GIVEN DATA>
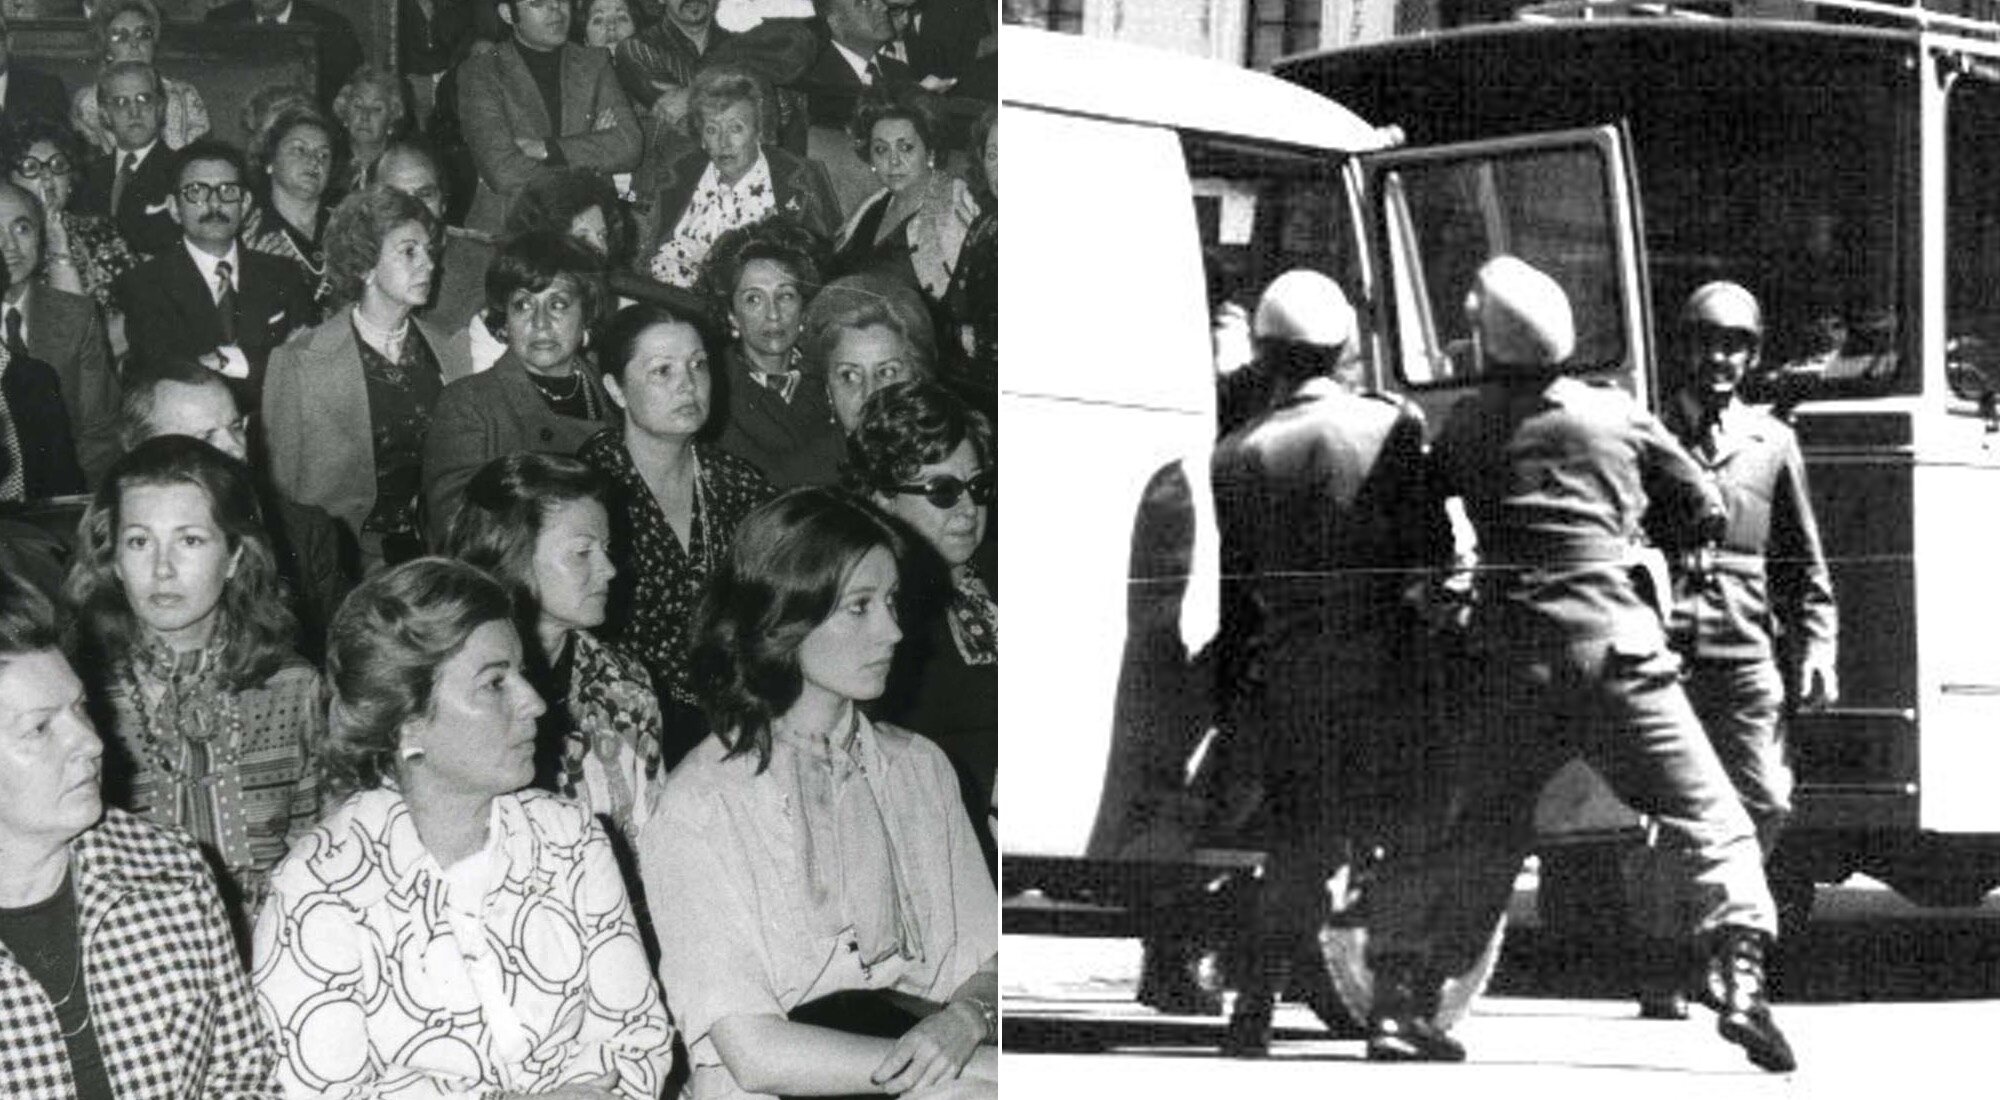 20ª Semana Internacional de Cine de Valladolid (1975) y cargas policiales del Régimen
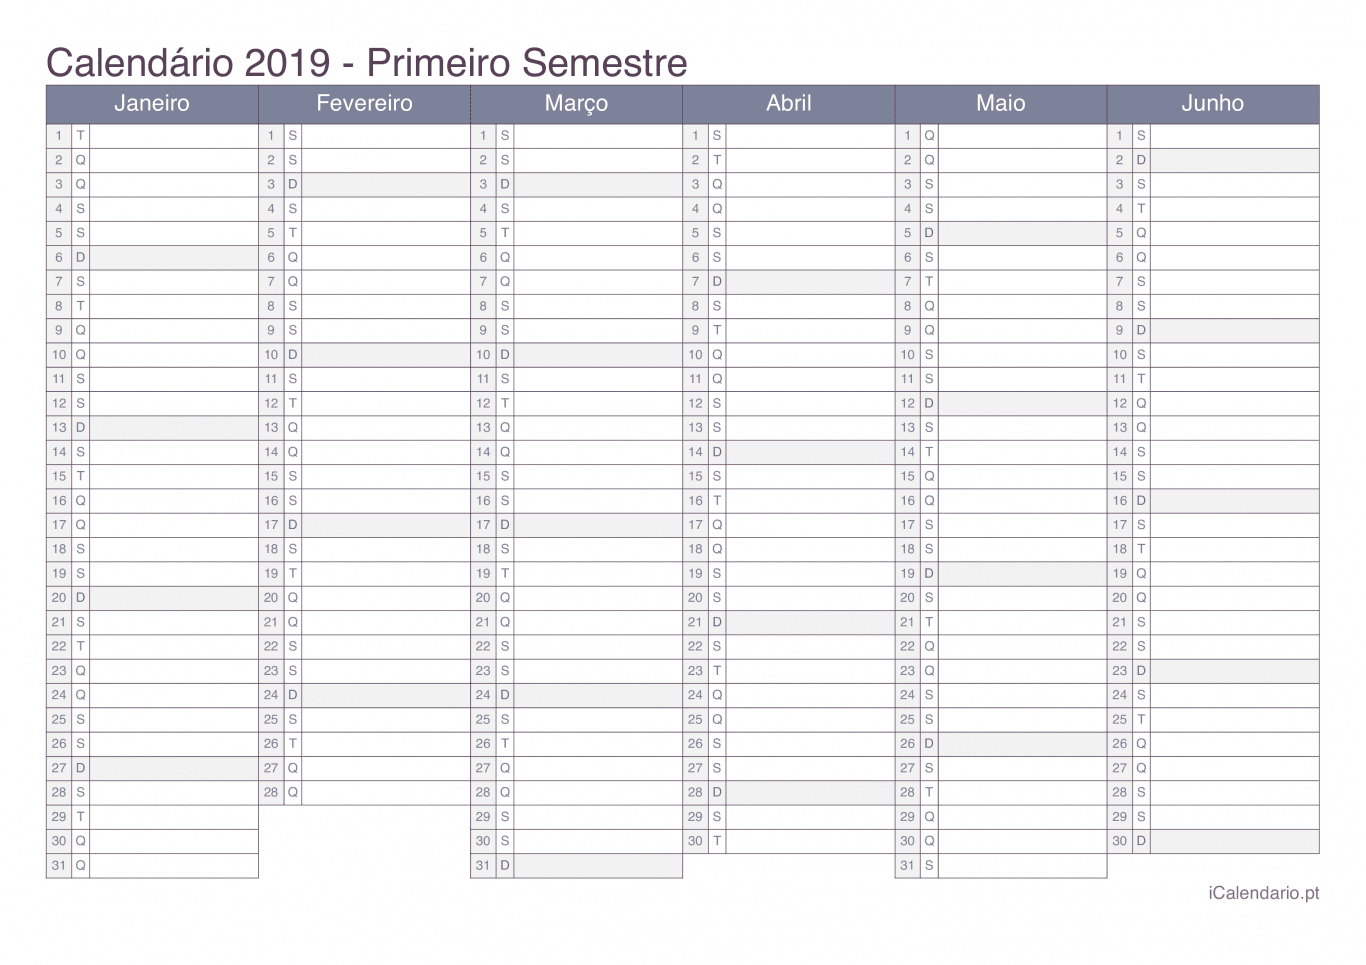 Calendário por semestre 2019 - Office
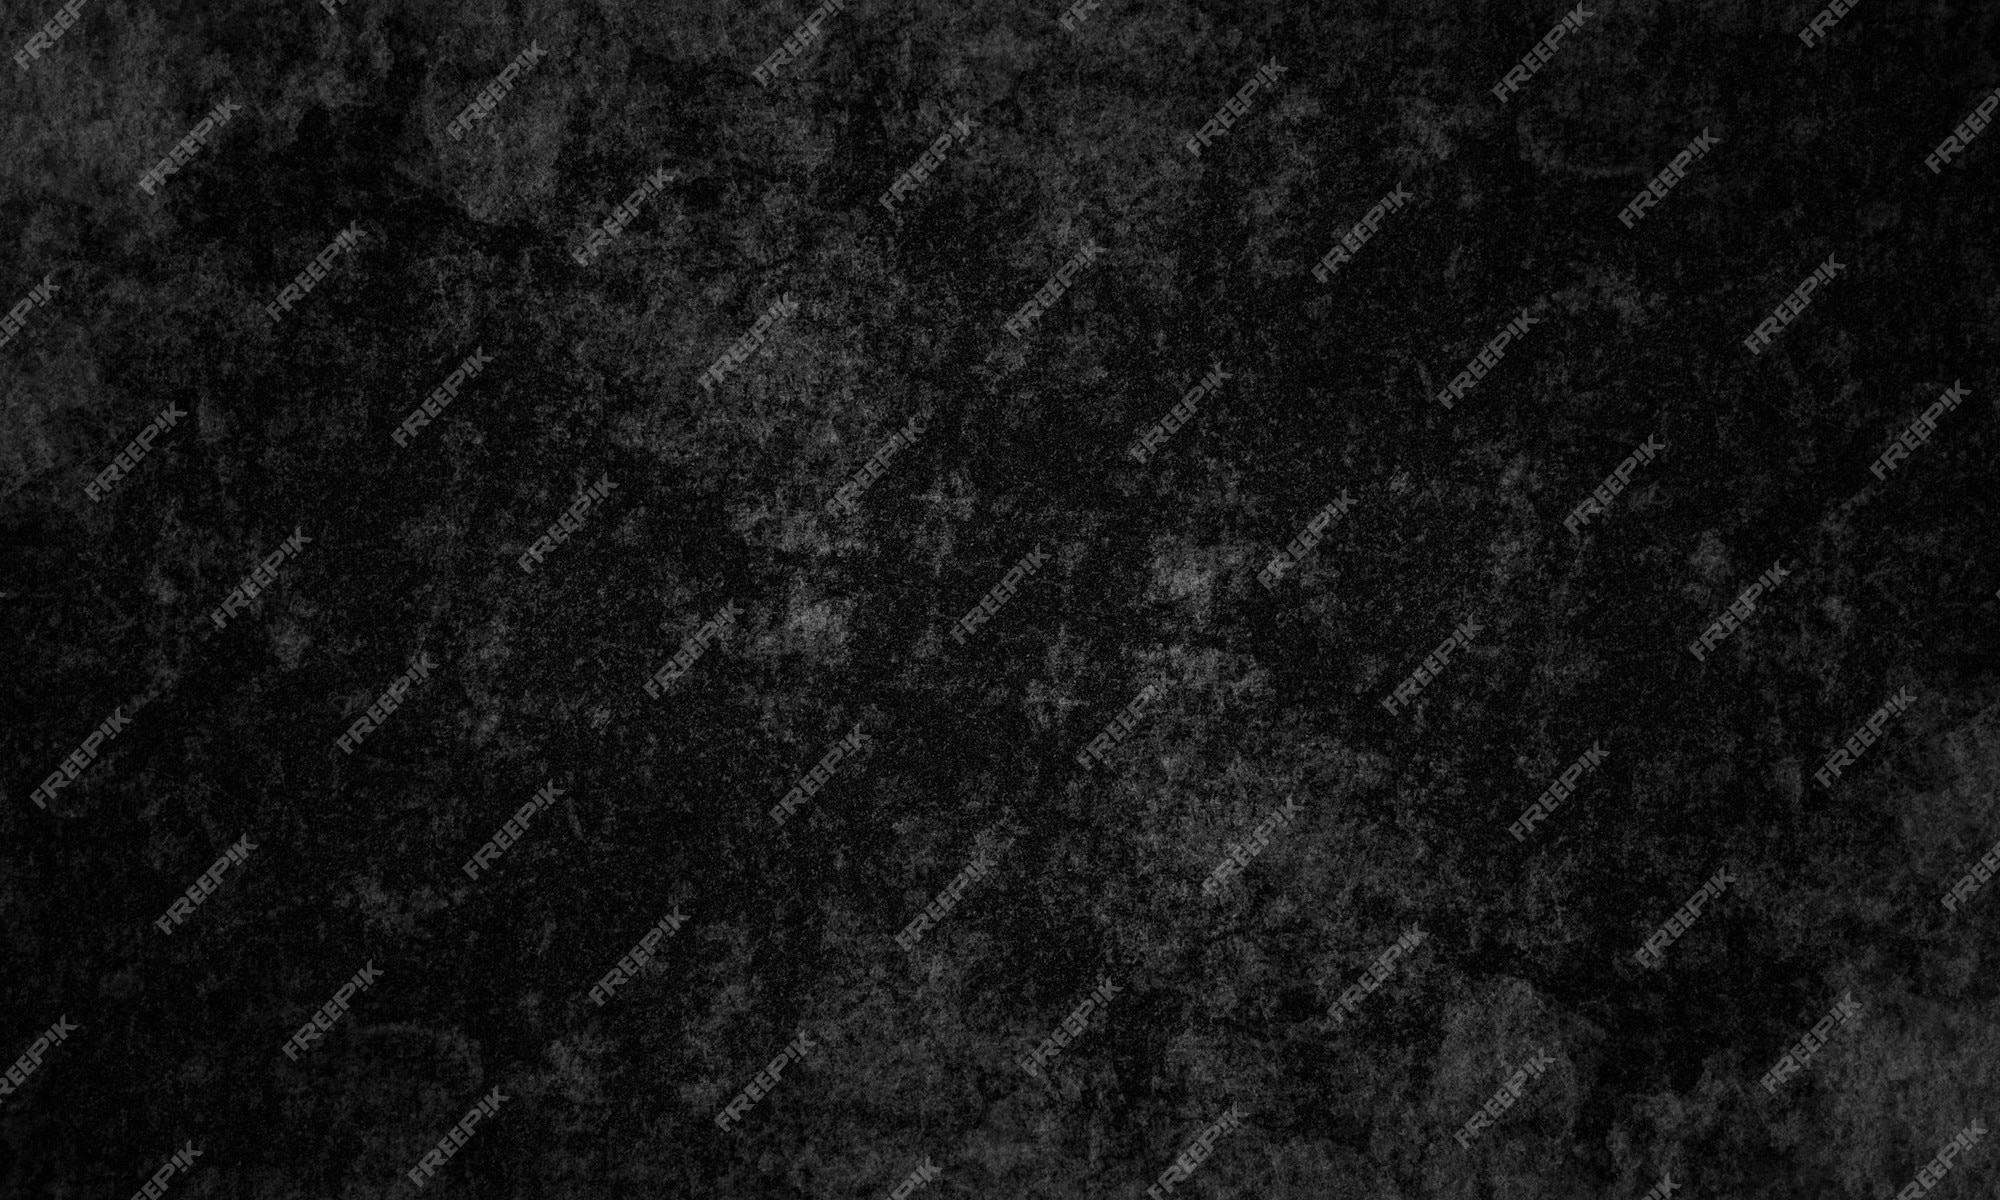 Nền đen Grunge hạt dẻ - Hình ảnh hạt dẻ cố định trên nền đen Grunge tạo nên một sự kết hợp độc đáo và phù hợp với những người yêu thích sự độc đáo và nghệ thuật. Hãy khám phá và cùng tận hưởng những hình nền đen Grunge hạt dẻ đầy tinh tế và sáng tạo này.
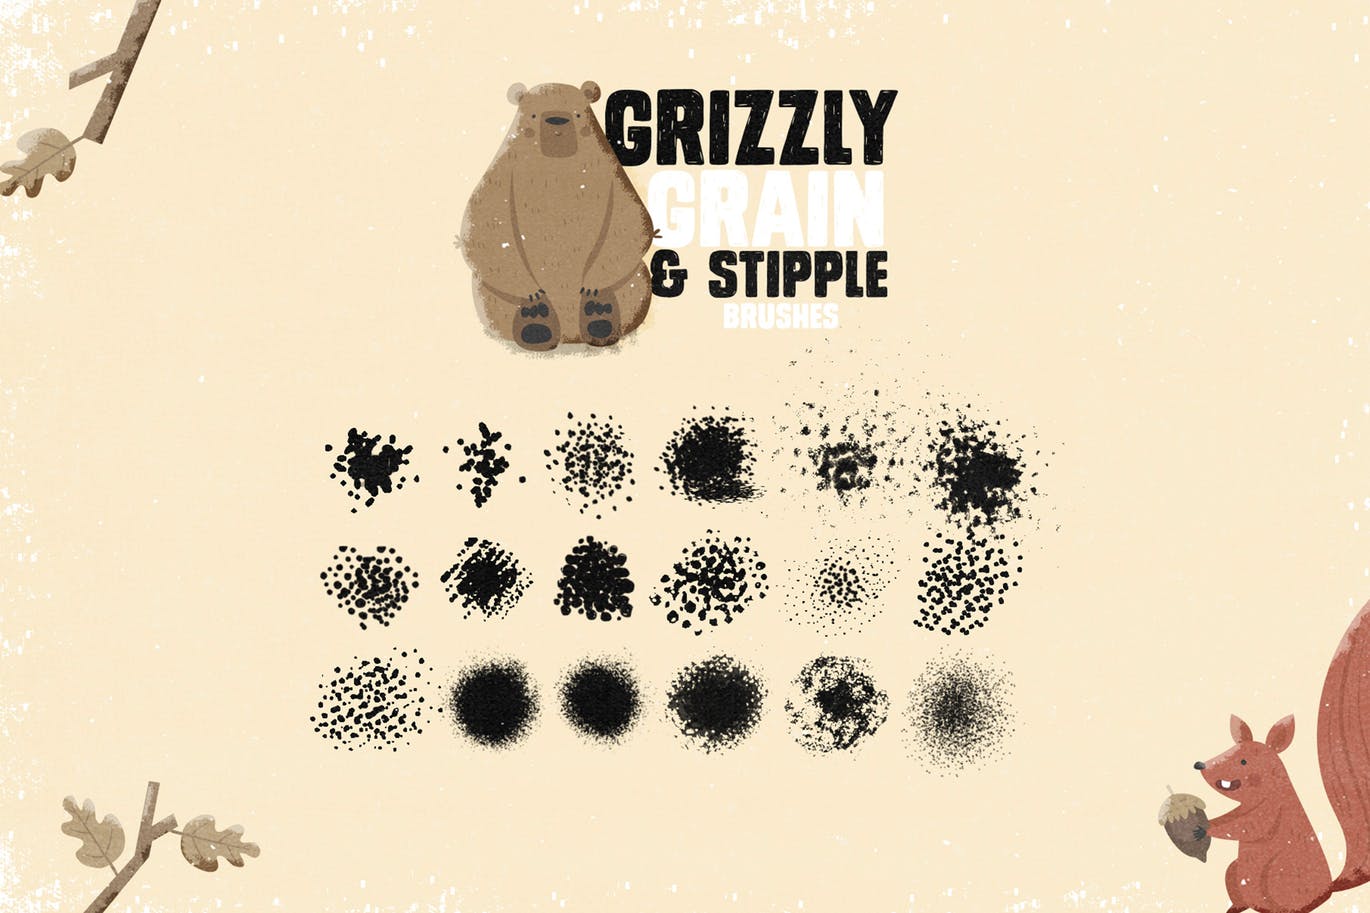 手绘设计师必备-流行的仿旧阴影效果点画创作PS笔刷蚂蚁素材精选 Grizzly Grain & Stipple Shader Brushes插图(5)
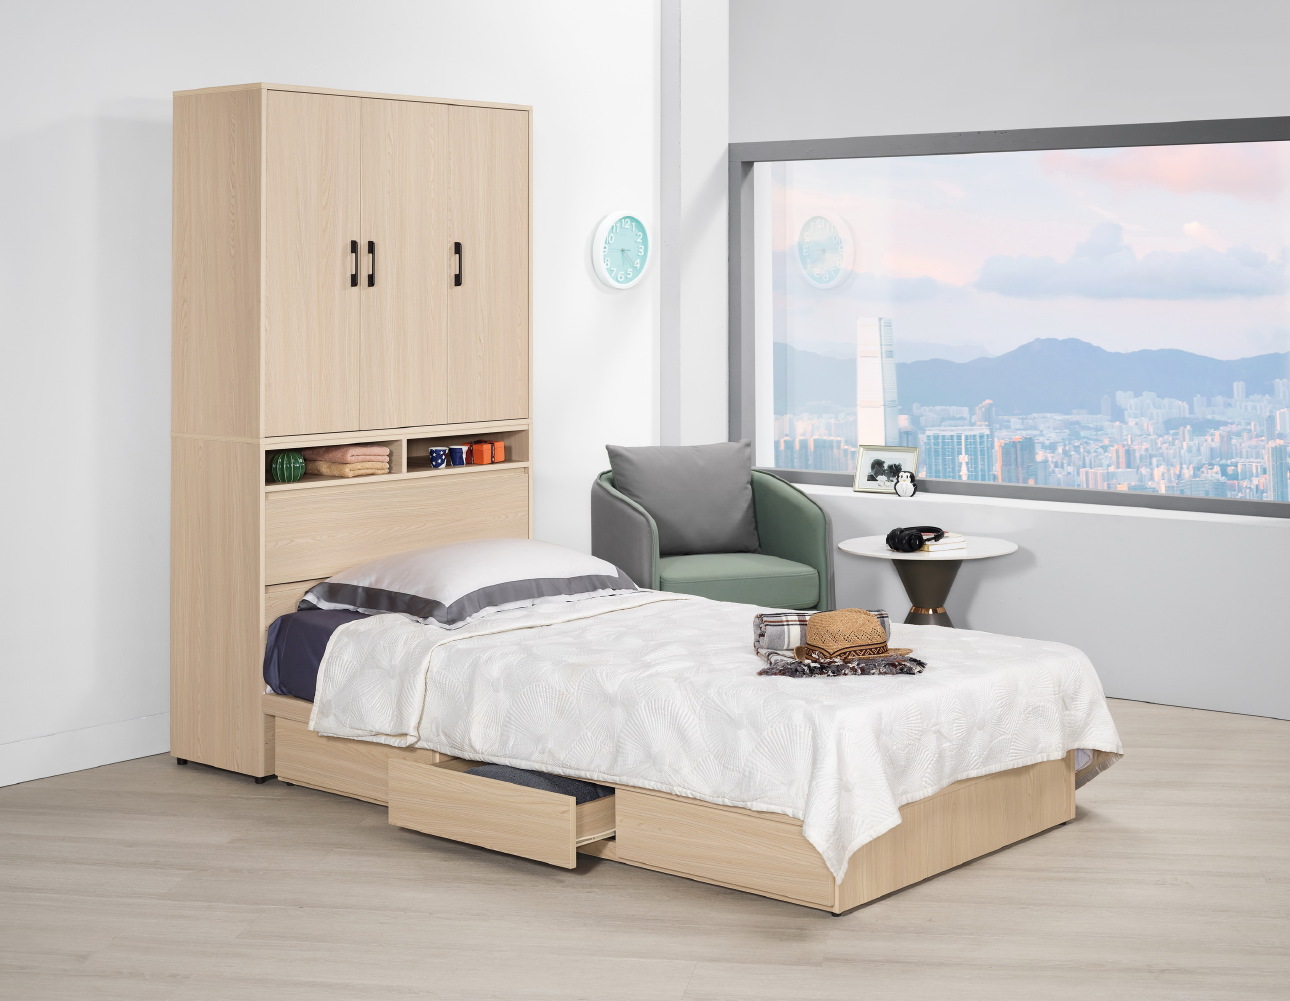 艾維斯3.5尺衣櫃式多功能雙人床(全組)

WORK TASK> Pictures aside, repeat every line of the data above exactly.

ANSWER SECTION>
 20ª Semana Internacional de Cine de Valladolid (1975) y cargas policiales del Régimen
 Calendário por semestre 2019 - Office
 Nền đen Grunge hạt dẻ - Hình ảnh hạt dẻ cố định trên nền đen Grunge tạo nên một sự kết hợp độc đáo và phù hợp với những người yêu thích sự độc đáo và nghệ thuật. Hãy khám phá và cùng tận hưởng những hình nền đen Grunge hạt dẻ đầy tinh tế và sáng tạo này.
 手绘设计师必备-流行的仿旧阴影效果点画创作PS笔刷蚂蚁素材精选 Grizzly Grain & Stipple Shader Brushes插图(5)
 艾維斯3.5尺衣櫃式多功能雙人床(全組)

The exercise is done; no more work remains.